Weekly Posting of the Conservative Cow Doctor

 

The Parachute

 When you were a kid did you make the little parachute out of a plastic army-man tied to
the four corners of a red handkerchief with kitchen string? It works amazingly well. I
would spend hours experimenting with different folding patterns and then heave the thing
high in the air and watch it gently float to the ground. After several hundred launches I
thought to myself, “If I tied myself to a bed sheet I could jump off the barn roof and float
to the ground just like the plastic army-man, but I probably should test my idea first.”

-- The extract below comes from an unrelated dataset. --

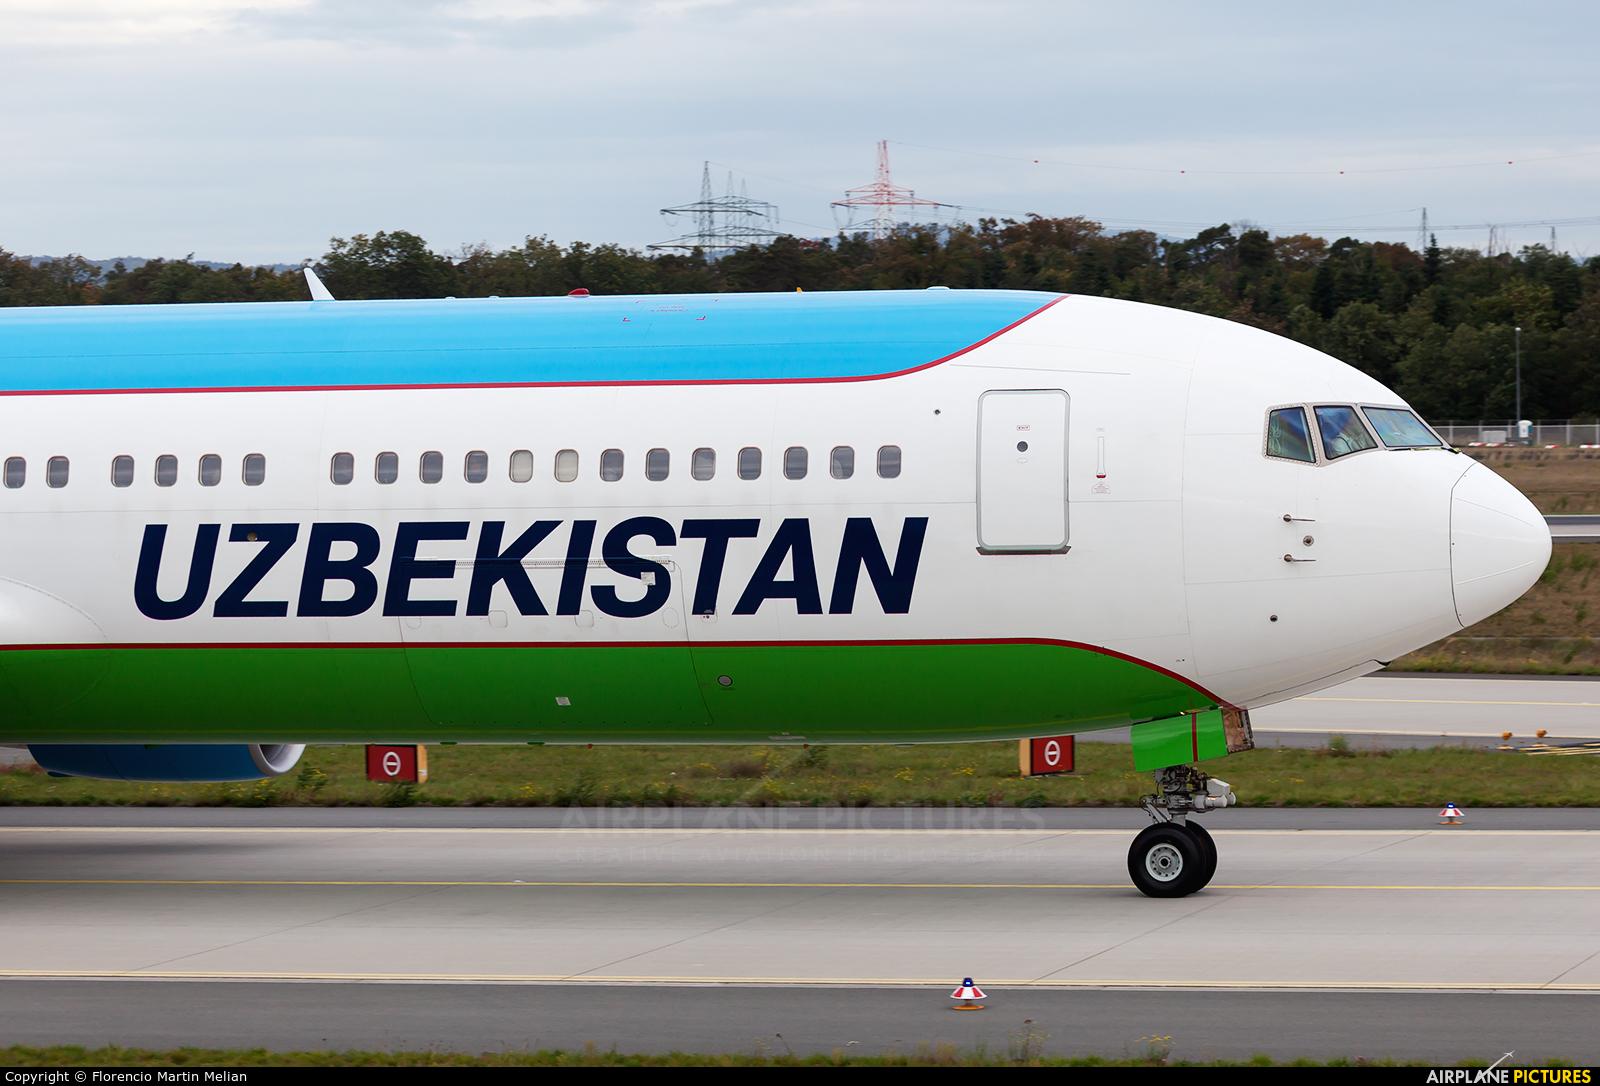 Uzbekistan Airways UK67004 aircraft at Frankfurt

It was a quiet summer afternoon as I gathered the supplies for my magnificent parachute.
Since the linen closet was full of sheets I figured Mom wouldn’t miss just one so I
grabbed a yellow one and sprinted out behind the barn. Kitchen string would be too
weak so using my pocket knife I slashed through the haystack and collected enough
baling-twine for the harness. (I don’t know how city kids survive without pocket knives
and baling-twine.)

Finding the proper weight to represent me was more challenging than I anticipated.
Eventually, down in the creek I located a fifty pound boulder with enough cracks to
secure a homemade bailing-twine parachute harness so I lugged it out behind the barn
with the rest of my supplies.

The manufacturing portion of my experiment progressed much faster than did the
gathering of the raw materials. Within a dangerously short period of time my apparatus
was ready for a test flight. I studied the barn; it was about thirty feet to its apex and I had
no way to safely get up there. (Coming down would be no problem as I had my yellow
parachute.) “How am I going to test this?” I thought to myself.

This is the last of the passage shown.